- 1Department of Oncology, Centre Hospitalier Regional Universitaire (CHRU) Morvan, University Hospital of Brest, Brest, France
- 2Department of Rheumatology, CHRU Cavale Blanche, University Hospital of Brest, Brest, France
Background: Pemetrexed and gemcitabine are both antimetabolites drugs approved in advanced non-small cell lung cancer (NSCLC). Their toxicity profile is well known. However, rare vascular side effects can occur such as vascular acrosyndromes and especially digital ischemia. The cause of this disfiguring and painful event is still controversial. Amputation is frequently required and has been described as a predictor of poor survival outcomes.
Case Presentation: This report presents two cases of vascular acrosyndrome in NSCLC patients during treatment with antimetabolites (pemetrexed and gemcitabine). Patients presented severe digital ischemia having required prostacyclin analog and chemotherapy discontinuation. In one case, symptoms improved while in the other case symptoms persisted. Both patients experienced prolonged tumor response. These findings suggest a multifactorial mechanism behind digital necrosis including an autoimmune process, which could lead to prolonged tumor control as described with immune checkpoint inhibitors.
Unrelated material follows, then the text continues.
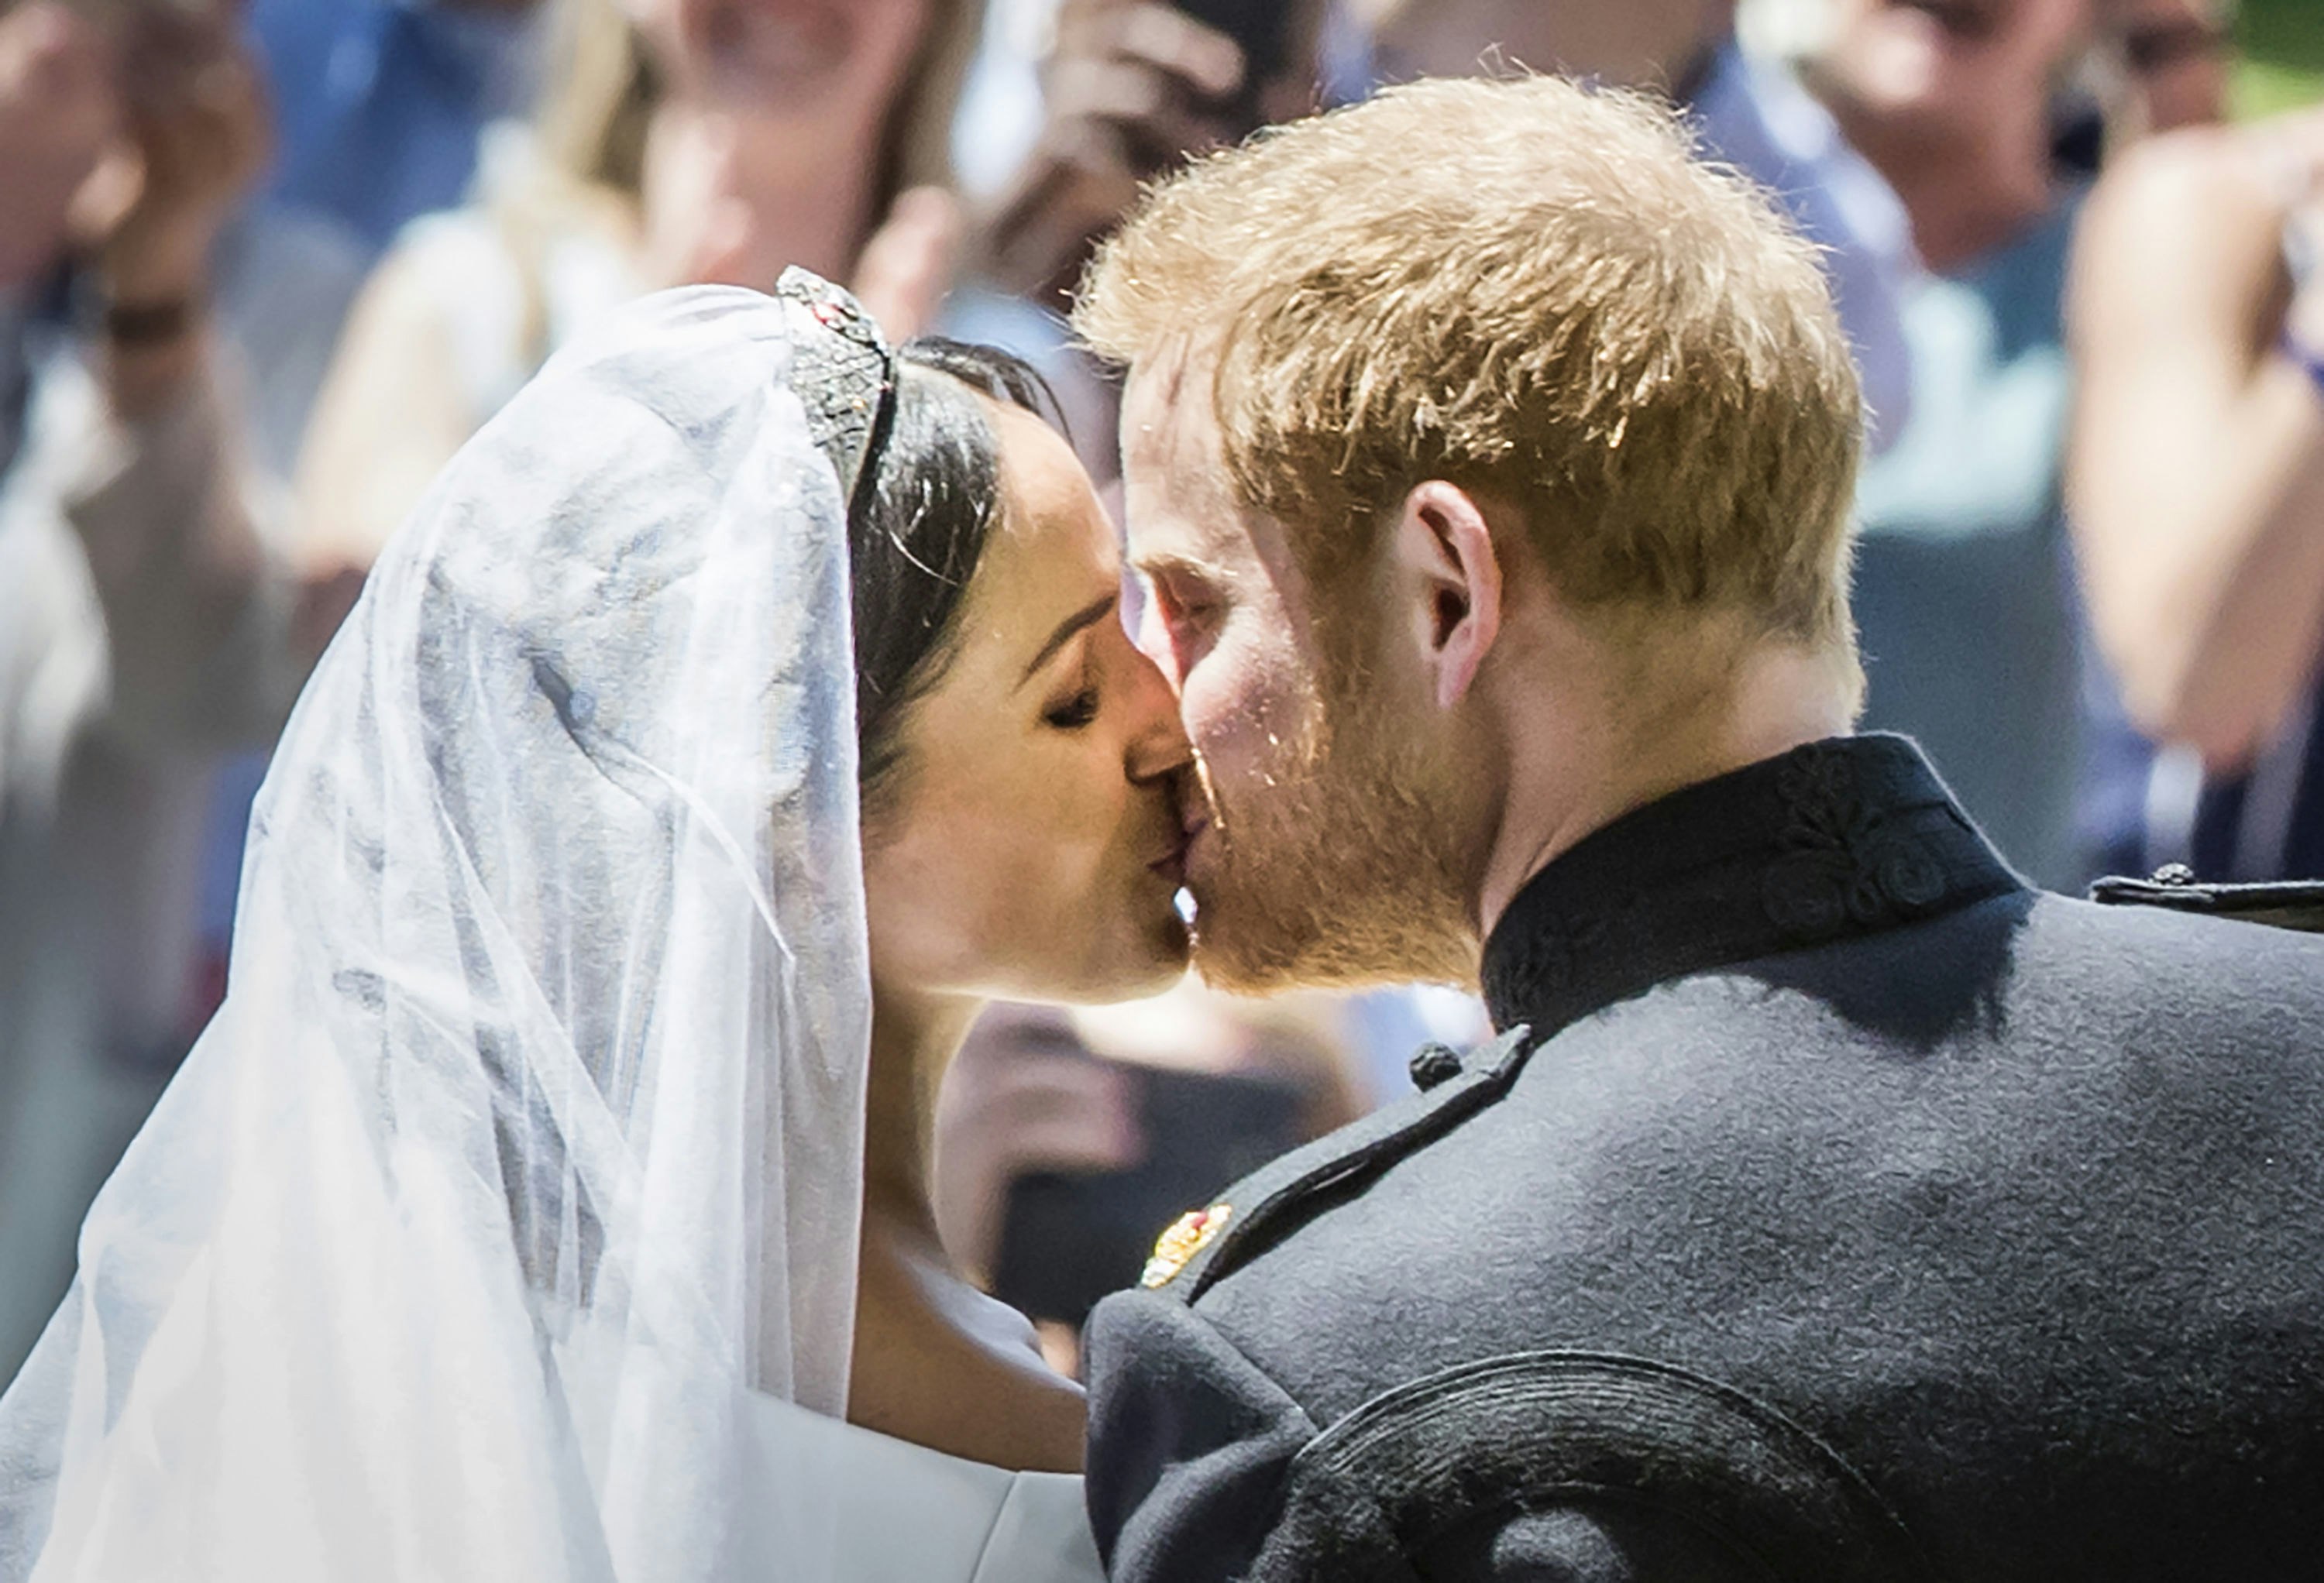 Meghan Markle's Royal Wedding Veil Is More Than 16 Feet Long

Conclusion: Severe vascular acrosyndrome such as digital ischemia can occur in lung cancer patients treated with antimetabolites. Awareness needs to be raised when using these drugs in patients with predisposing factors. Whether occurrence of chemotherapy-induced immune vascular side effects might explain prolonged tumor response deserves further investigations.
Background
Gemcitabine is a nucleosid analog that inhibits DNA synthesis and repair. Pemetrexed is a new generation multifolate antagonist that directly affects the enzymes involved in cell activation and cell division. Both antimetabolite drugs have displayed significant antitumor activity in metastatic non-small cell lung cancer (NSCLC) when combined with platinum-based chemotherapy (1, 2). They are also approved as single-agent with mild manageable toxicity. Side effects commonly observed with gemcitabine are myelosuppression, influenza-like syndrome and vascular toxicity. Pemetrexed is primarily responsible of hematological, hepatic and renal toxicities (1, 2). Herein, we report two cases of NSCLC patients treated with these antimetabolite drugs, who experienced severe vascular acrosyndromes but also prolonged tumor response.
Case Presentation 1
A 58-year-old woman presented in November 2016 with a diagnosis of KRAS-mutant advanced lung adenocarcinoma (Figure 1A). Her medical comorbidities included hypertension controlled with calcium channel blocker, and active smoking. She reported Raynaud’s like symptoms without etiological orientation that appeared 6 months earlier. The patient was treated with six cycles of cisplatin and pemetrexed, resulting in complete tumor response.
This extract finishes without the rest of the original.